Unexpected slide in oil prices major setback for Alberta economy

TD Economics projects real GDP for 2019 at 1.4% and 2.7% in 2020

Mario ToneguzziAn unexpected slide in oil prices since October has dealt a major setback in Alberta to an economy that has been recovering only gradually from the 2015-16 oil price shock, says TD Economics in its latest Provincial Economic Forecast.

“As such, we have slashed our real GDP projection for 2019 to 1.4 per cent to reflect the impact of near-term oil production cuts. The cuts underway are likely to help rebalance the oil market, setting the stage for a rebound in real GDP growth in 2020,” said the forecast.
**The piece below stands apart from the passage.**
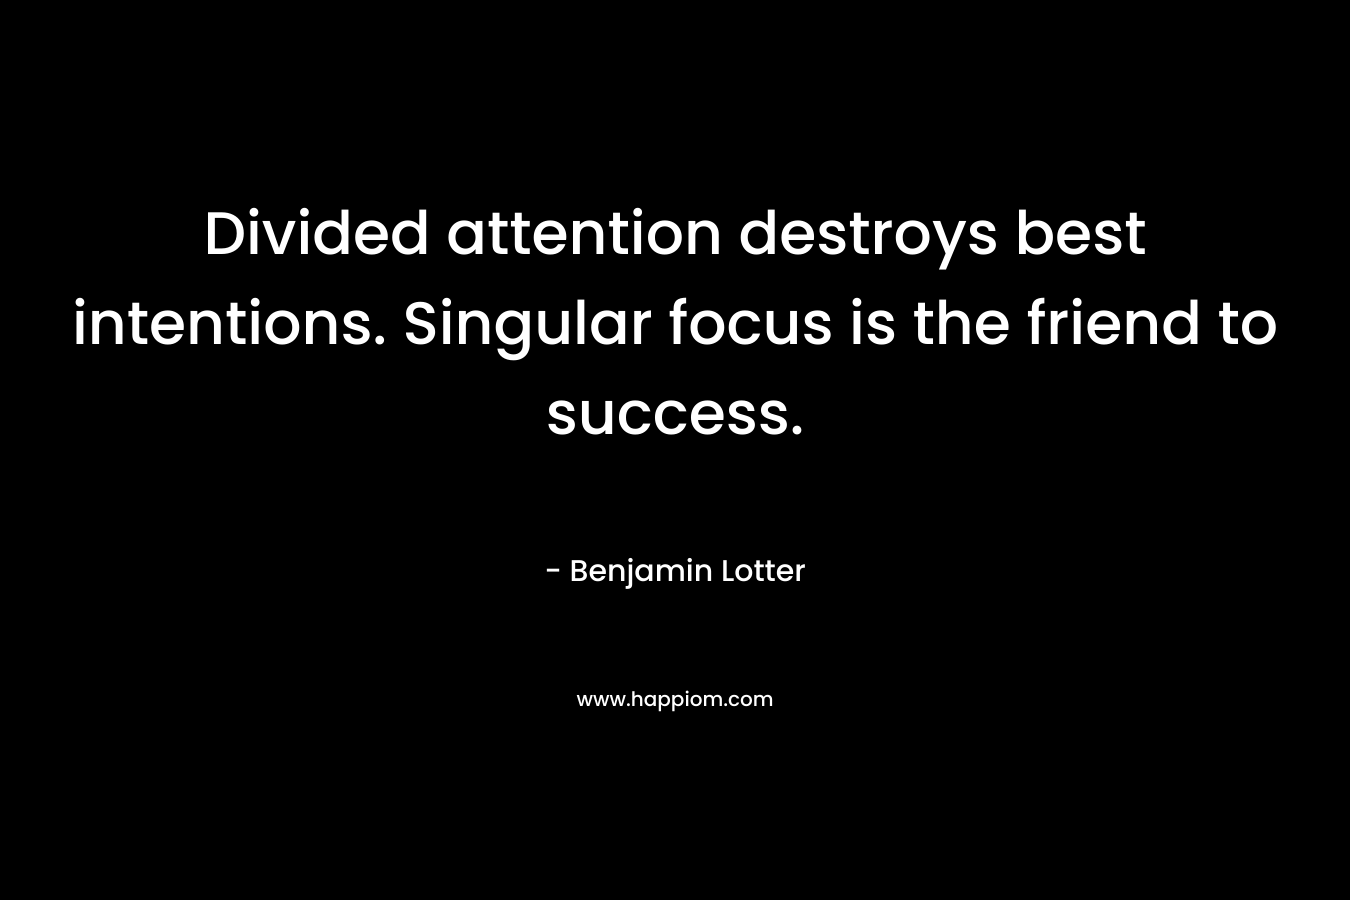 Divided attention destroys best intentions. Singular focus is the friend to success.

“In response to the oil price slump, the Alberta government took some swift actions in early December to improve oil market conditions through a short-term output curtailment and the purchase of additional rail capacity. These moves have managed to lift Western Canadian oil benchmarks substantially. Our forecast assumes that the recovery in WCS prices to around US$35 will be sustained in the coming months. Moreover, we anticipate that OPEC-led production cuts will help spur a moderate recovery in WTI prices back to around US$65 by mid-2019. The higher prices will help to mitigate the impact of the oil output reductions, but are not enough to prevent a hefty downgrade to Alberta’s real GDP growth in 2019.”
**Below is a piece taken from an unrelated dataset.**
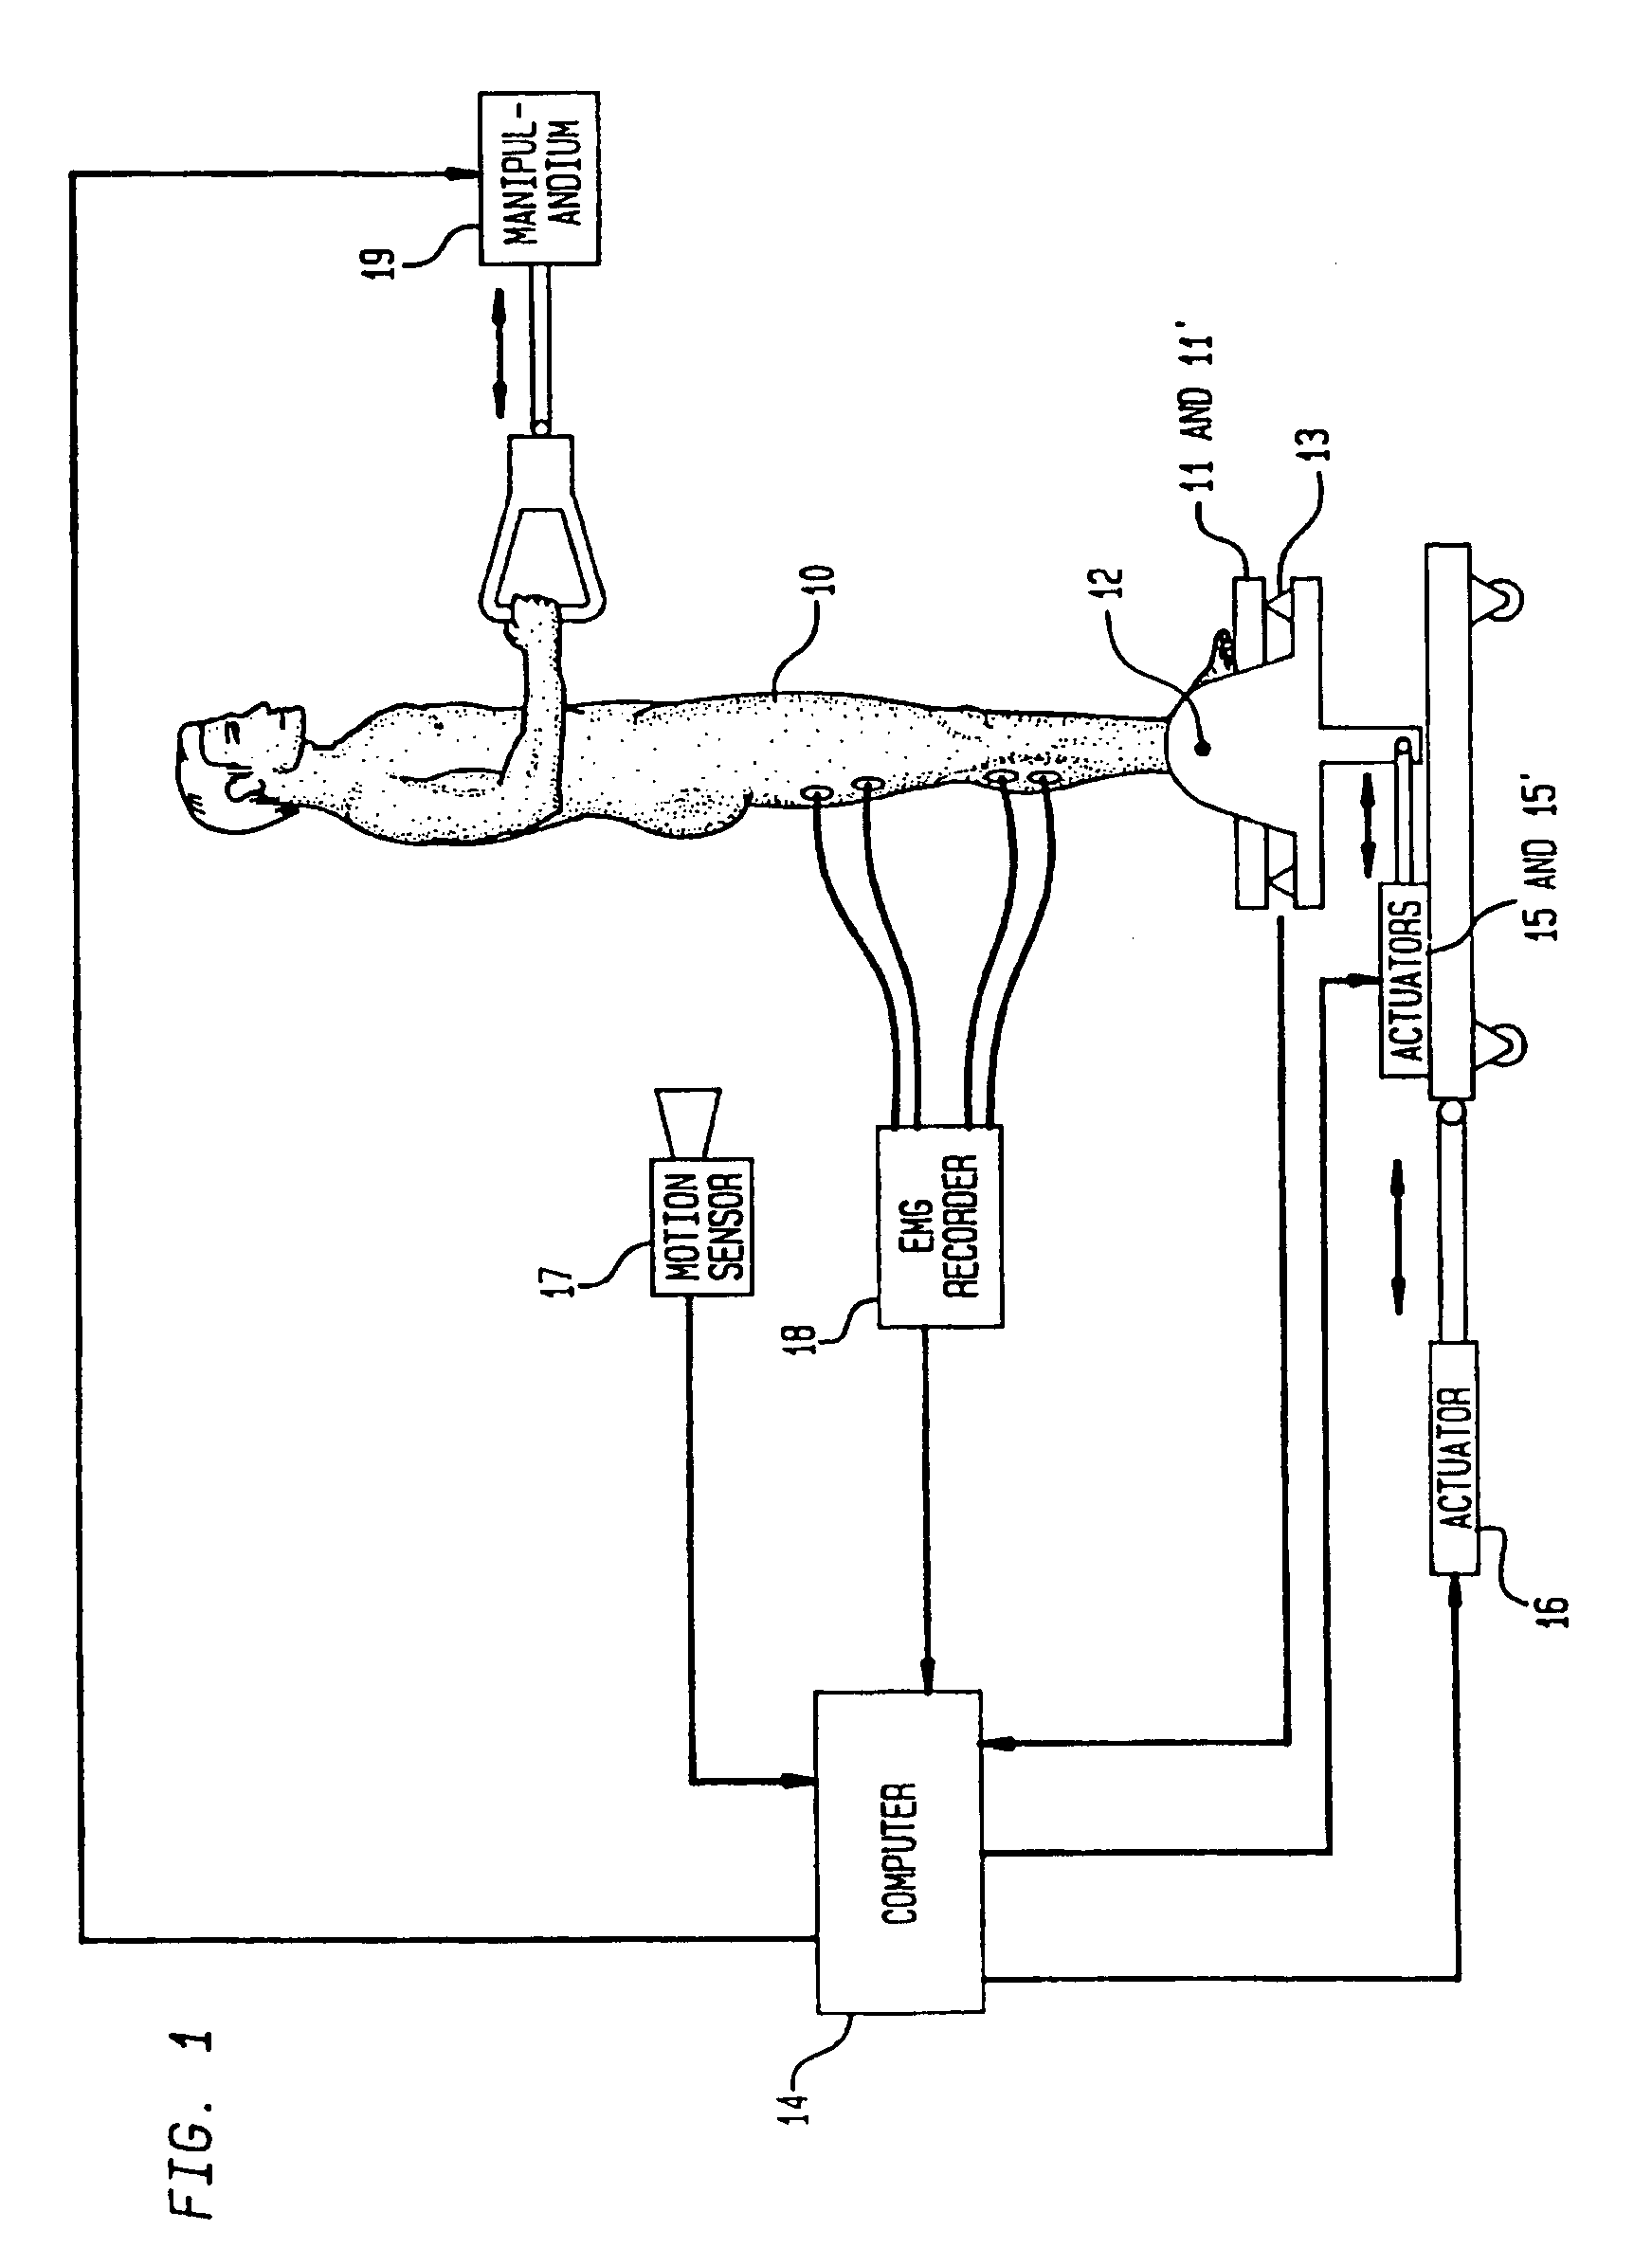 Apparatus and method for movement coordination analysis

The bank is forecasting economic growth of 2.7 per cent for the province in 2020.

“From a medium term perspective, the recently announced Aspen oil sands project adds some further optimism around Alberta’s medium term investment prospects. Still, capital expenditure plans for the sector are unlikely to pick up until there is more clarity on both global oil movements and Albertan pipeline developments,” said TD Economics.

“Importantly, impacts on the job market from the curtailment are expected to be relatively small, partly given the temporary nature of the output cuts. Although consumer spending is likely to continue advancing next year in line with net employment, housing markets are likely to continue lagging. Resale markets remain significantly oversupplied, with builders responding by pulling back on new homebuilding projects.”